Unfortunately, the unprotected group includes most commercial fish oil supplements (45); which, if taken long-term, have been shown to drive increased oxidative stress (46, 47), increased levels of MDA and HNE and therefore increased formation of OSEs (48-51). This helps to explain why commercial fish oils do not provide any health advantages (52), and appear to raise the risk of a number of pathologies including atrial fibrillation (53).
NB. Omega 3 HUFA’s consumed in fish, which is the way we always used to obtain them, are not linked to autoimmune problems – and do not appear to be arrhythmogenic (54). In oily fish the omega 3’s are co-ingested with algal-derived chaperone polyphenols (55), which prevent or at least minimize the formation of toxic lipid peroxidation products (55).
It now appears that the huge sales of poorly formulated fish oil may, via OSE production, have contributed to the pandemic of autoimmune disease. In my view it is time to have these ineffective and probably toxic products removed from the marketplace.
Vitamin D appears to be involved in helping to reduce risk (56), which could be interpreted as a call for spending a little more time in the sun.
There is one last missing link, namely our old friends (57).
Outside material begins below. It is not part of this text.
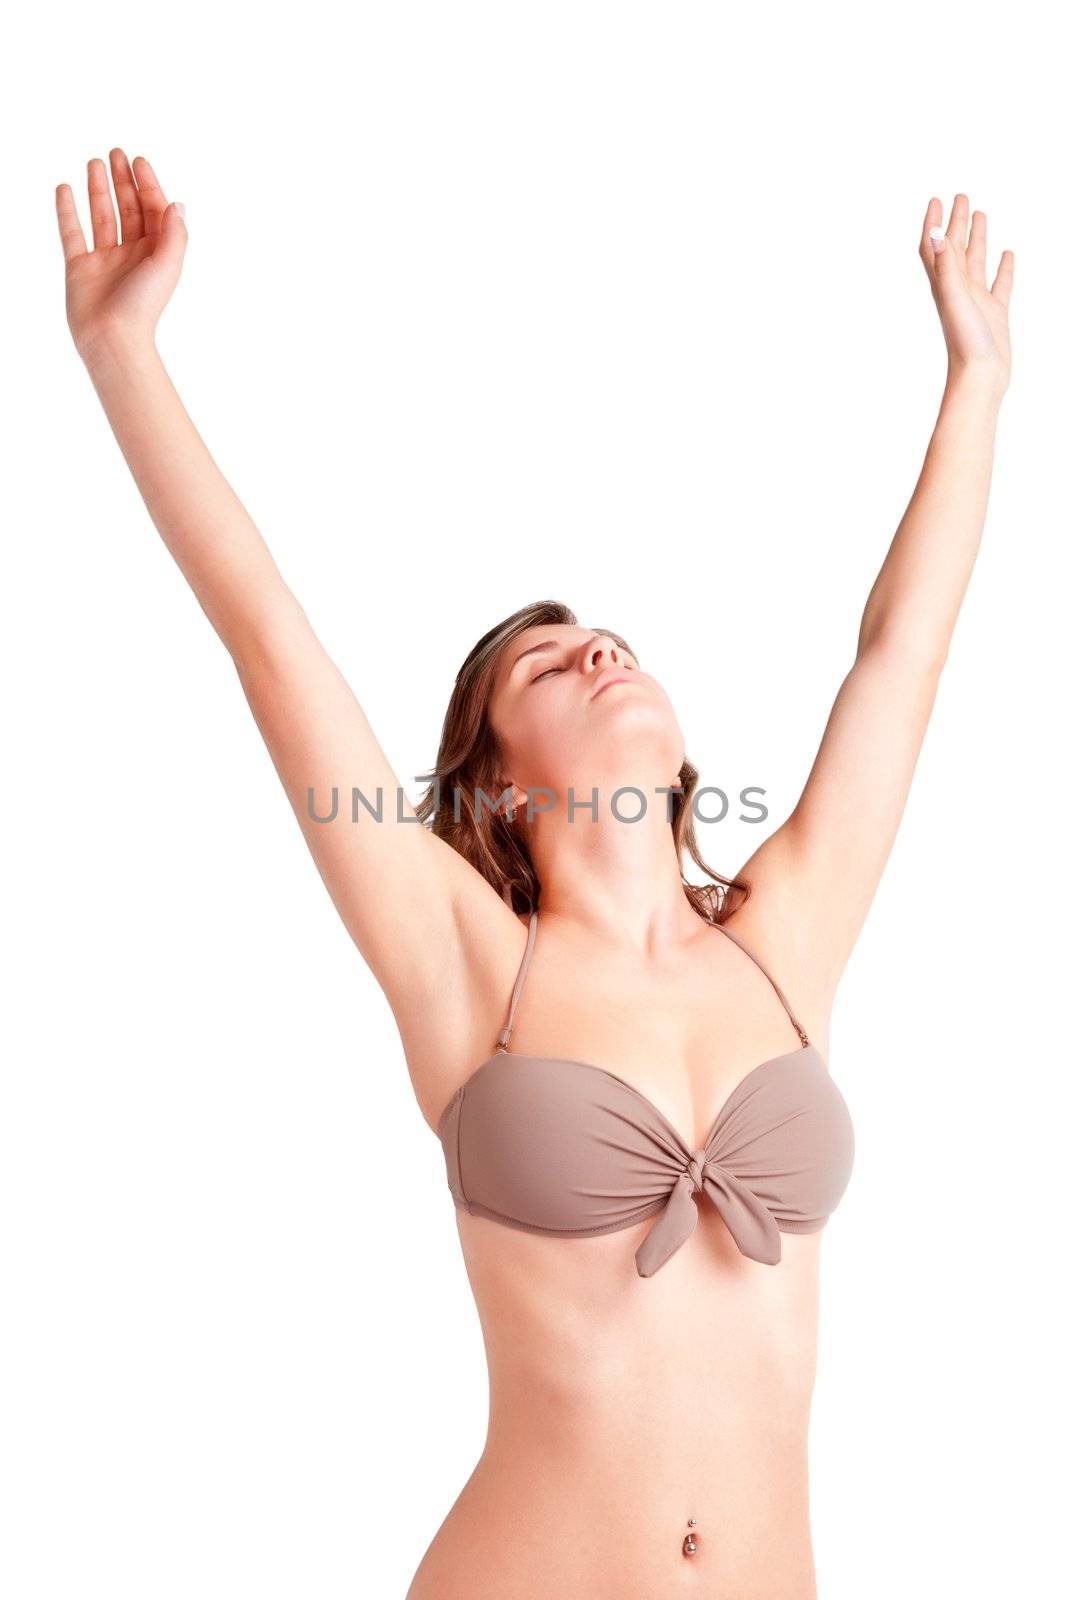 Woman stretching, wearing a bikini, isolated in a white background

Immunologists know exactly what these are, but for non-specialists these are a large group of commensals, non-pathogenic micro-organisms that used to live in our immediate environment, were involved in ‘training’ our immune systems and have been substantially removed (58).
Some of these old friends have recently been shown to reduce the intensity and/or risk of autoimmune reactions in pre-clinical models (59, 60), and the case for restoring our companion microbes is becoming very persuasive (61, and see next week).
If we ban badly formulated fish oils and put prebiotic fibers, antioxidants, anti-inflammatory compounds and a few old friends back into our diet, I predict that autoimmune disease will again become, as it once was, uncommon.